Chapter 5. How InnoDB Stores Variable-Length Columns

Table of Contents

5.1. Overview of InnoDB Row Storage
5.2. Specifying the Row Format for a Table
5.3. Barracuda File Format: DYNAMIC and COMPRESSED Row Formats
5.4. Antelope File Format: COMPACT and REDUNDANT Row Formats

This section discusses how certain InnoDB features, such as table compression and off-page storage of long columns, are controlled by the ROW_FORMAT clause of the CREATE TABLE statement. It discusses considerations for choosing the right row format and compatibility of row formats between MySQL releases.

5.1. Overview of InnoDB Row Storage

The storage for rows and associated columns affects performance for queries and DML operations. As more rows fit into a single disk page, queries and index lookups can work faster, less cache memory is required in the InnoDB buffer pool, and less I/O is required to write out updated values for the numeric and short string columns.

All data in InnoDB is stored in database pages that make up a B-tree index (the clustered index organized according to the primary key columns). Table data and indexes both use this type of structure. The nodes of the index data structure contain the values of all the columns in that row (for the clustered index) or the index columns and the primary key columns (for secondary indexes).

Variable-length columns are an exception to this rule.

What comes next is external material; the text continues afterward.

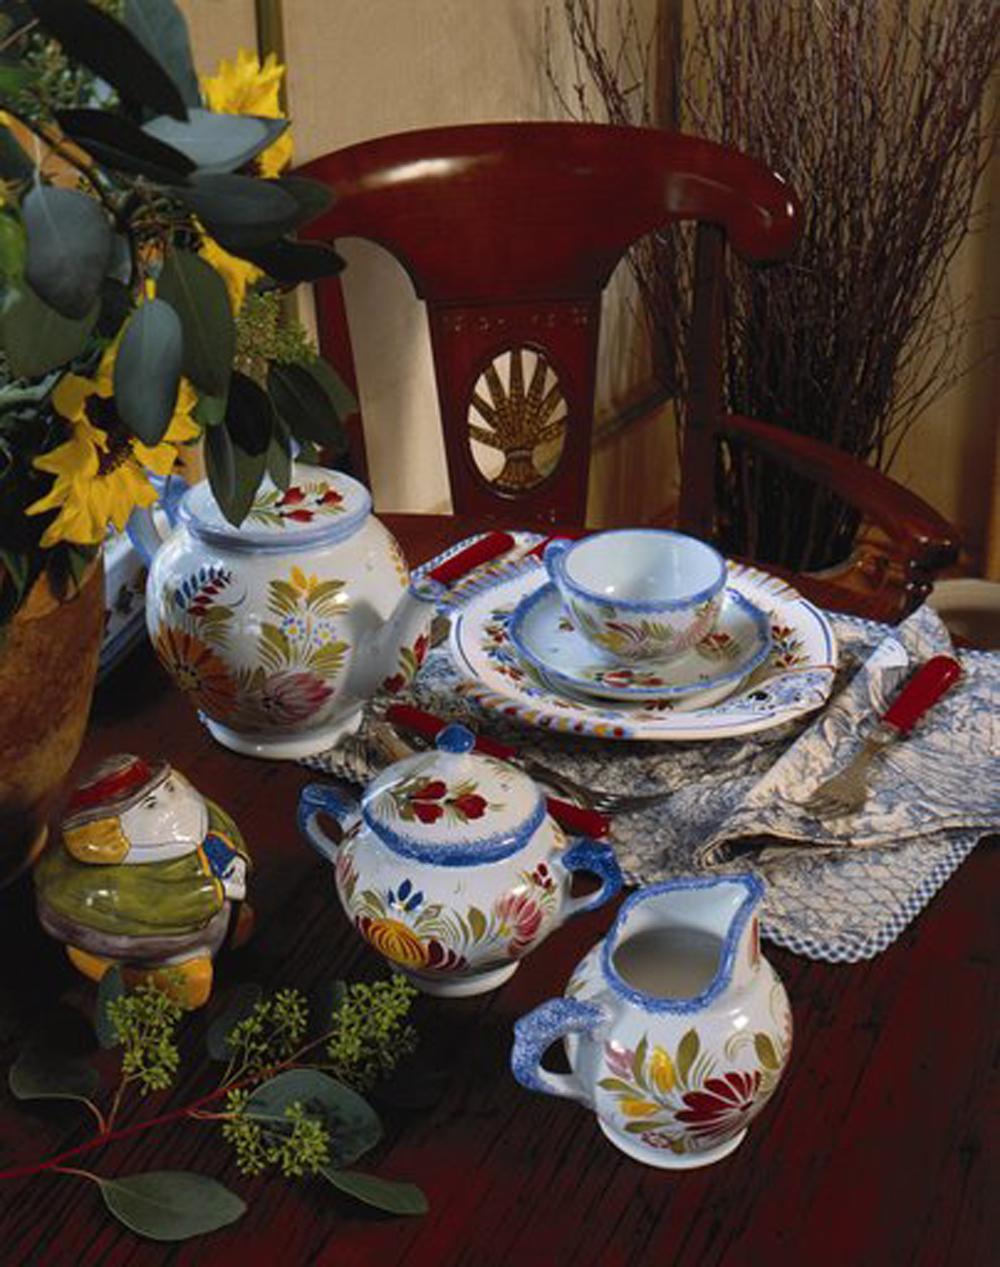 Home life interior design by rose ann humphrey

Columns such as BLOB and VARCHAR that are too long to fit on a B-tree page are stored on separately allocated disk pages called overflow pages. We call such columns off-page column. The values of these columns are stored on singly-linked lists of overflow pages, and each such column has its own list of one or more overflow pages. In some cases, all or a prefix of the long column value is stored in the B-tree, to avoid wasting storage and eliminating the need to read a separate page.

The Barracuda file format provides a new option (KEY_BLOCK_SIZE) to control how much column data is stored in the clustered index, and how much is placed on overflow pages.

5.2. Specifying the Row Format for a Table

You specify the row format for a table with the ROW_FORMAT clause of the CREATE TABLE and ALTER TABLE statements.

5.3. Barracuda File Format: DYNAMIC and COMPRESSED Row Formats

When innodb_file_format is set to Barracuda and a table is created with ROW_FORMAT=DYNAMIC or ROW_FORMAT=COMPRESSED, long column values are stored fully off-page, and the clustered index record contains only a 20-byte pointer to the overflow page.

Whether any columns are stored off-page depends on the page size and the total size of the row. When the row is too long, InnoDB chooses the longest columns for off-page storage until the clustered index record fits on the B-tree page.

The DYNAMIC row format maintains the efficiency of storing the entire row in the index node if it fits (as do the COMPACT and REDUNDANT formats), but this new format avoids the problem of filling B-tree nodes with a large number of data bytes of long columns. The DYNAMIC format is based on the idea that if a portion of a long data value is stored off-page, it is usually most efficient to store all of the value off-page. With DYNAMIC format, shorter columns are likely to remain in the B-tree node, minimizing the number of overflow pages needed for any given row.

The COMPRESSED row format uses similar internal details for off-page storage as the DYNAMIC row format, with additional storage and performance considerations from the table and index data being compressed and using smaller page sizes. For full details about the COMPRESSED row format, see Chapter 3, InnoDB Data Compression.

5.4. Antelope File Format: COMPACT and REDUNDANT Row Formats

Early versions of InnoDB used an unnamed file format (now called Antelope) for database files. With that format, tables were defined with ROW_FORMAT=COMPACT (or ROW_FORMAT=REDUNDANT) and InnoDB stored up to the first 768 bytes of variable-length columns (such as BLOB and VARCHAR) in the index record within the B-tree node, with the remainder stored on the overflow pages.

To preserve compatibility with those prior versions, tables created with the newest InnoDB use the prefix format, unless one of ROW_FORMAT=DYNAMIC or ROW_FORMAT=COMPRESSED is specified (or implied) on the CREATE TABLE statement.

With the Antelope file format, if the value of a column is 768 bytes or less, no overflow page is needed, and some savings in I/O may result, since the value is in the B-tree node. This works well for relatively short BLOB values, but may cause B-tree nodes to fill with data rather than key values, reducing their efficiency. Tables with many BLOB columns could cause B-tree nodes to become too full of data, and contain too few rows, making the entire index less efficient than if the rows were shorter or if the column values were stored off-page.